Das, PhD 17: CoS, Off. of Sci.
Tanya Das, who received her PhD in ECE from UCSB in 2017, appointed to a senior position as the new chief of staff to the Office of Science in the Department of Energy (DOE)
Excerpt from COE Convergence (S21) article "ECE Alumna Appointed Chief of Staff in Biden's Office of Science"
“This position is a dream job,” said Tanya Das, who was a member of associate professor Jon Schuller’s research group at UCSB, where she studied the effects of light engineering on multipolar resonances in nanoparticles. “It is an incredible honor to be appointed to advance climate change and racial-equity policies for an administration led by one of the politicians I most respect, President Joe Biden, and the first Black and South Asian and first female vice president, Kamala Harris.”
With a $7 billion budget, the Office of Science supports research in the physical sciences, stewards ten of DOE’s seventeen national laboratories, and supports workforce development and training programs for teachers and students in the science, technology, engineering, and mathematics (STEM) fields.
“My job is to implement the priorities of the Biden-Harris administration at the Office of Science,” said Das. “I hope to support the phenomenal staff at the office by rebuilding its focus on climate science, climate adaptation and mitigation, and clean energy, while strengthening partnerships with the frontline communities who have experienced the worst effects of climate change.
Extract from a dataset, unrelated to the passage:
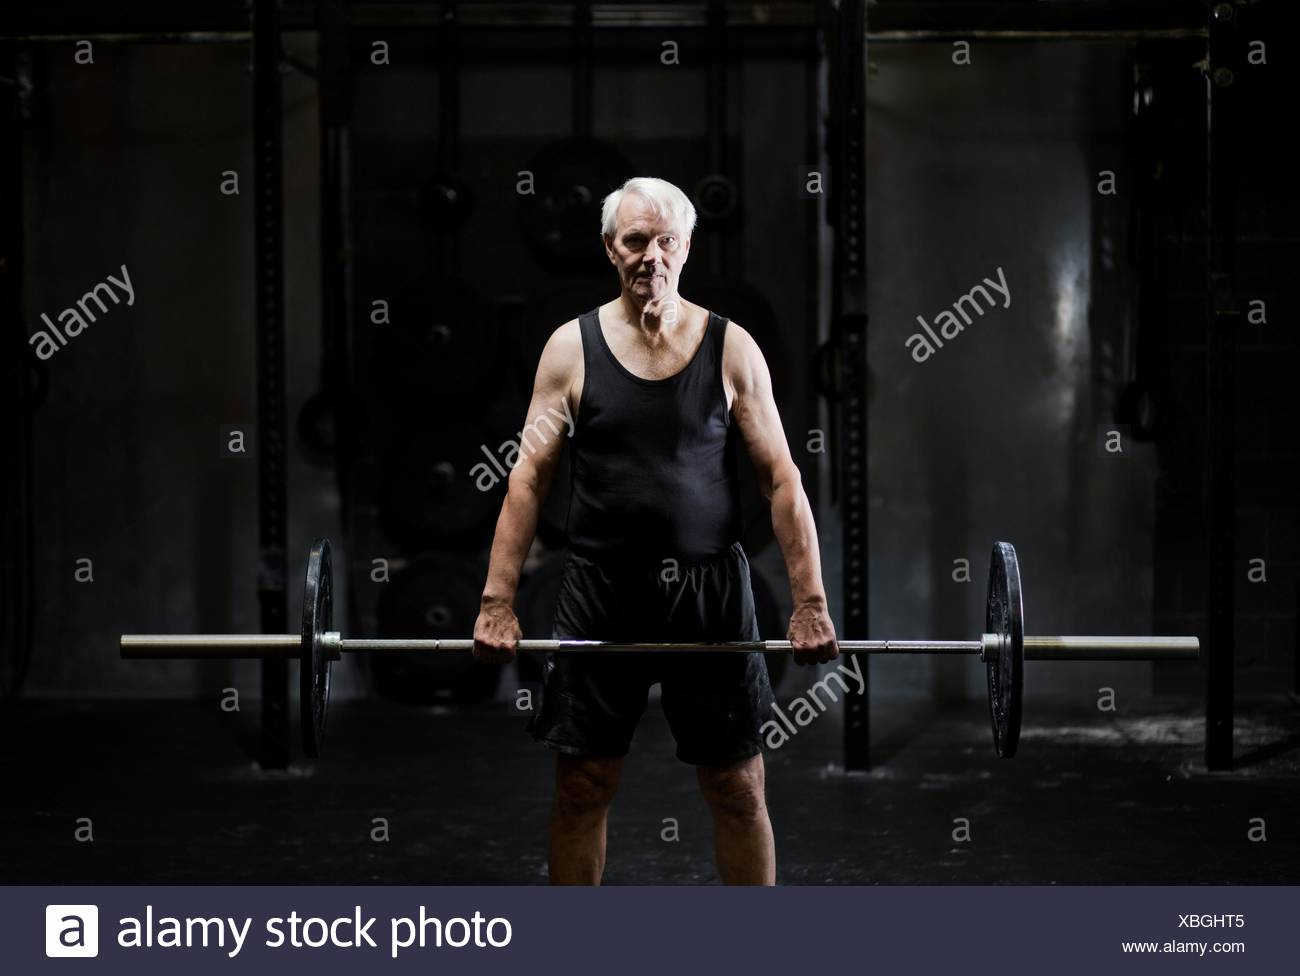 Senior man weightlifting barbell in dark gym - Stock Image

I also hope to advance programs that instill the principles of diversity, equity, and inclusion in STEM programs and the national labs that the Office of Science supports.”
Since earning her doctorate from UCSB, Das has been applying her training as a scientist to evaluate and improve policy in Washington, D.C. She was named a 2017-18 Arthur H. Guenther Congressional Fellow by the Society of Photo-Optical Instrumentation Engineers and The Optical Society of America (SPIE/OSA), serving a one-year term as a special assistant on the staff of U.S. Senator Chris Coons, of Delaware. The fellowship provided Das with the opportunity to gain substantial insight into the inner workings of government while supporting the senator’s economic policy team and professional training opportunities offered by the American Association for the Advancement of Science (AAAS). After the fellowship, she joined the U.S. House of Representatives Committee on Science, Space and Technology as a professional staff member, where she worked on a range of issues in clean energy and manufacturing policy until her appointment to the Office of Science.
Das says that it was both inside and outside of the research lab at UCSB where she developed the skills necessary to succeed in Washington. She worked with Professor Schuller in the field of metamaterials, exploring new ways of using nanoparticles to manipulate light. For two years, she also was a program evaluator at UCSB’s Center for Science and Engineering Partnerships (CSEP), which focuses on improving the educational and career outcomes of current and future scientists and engineers.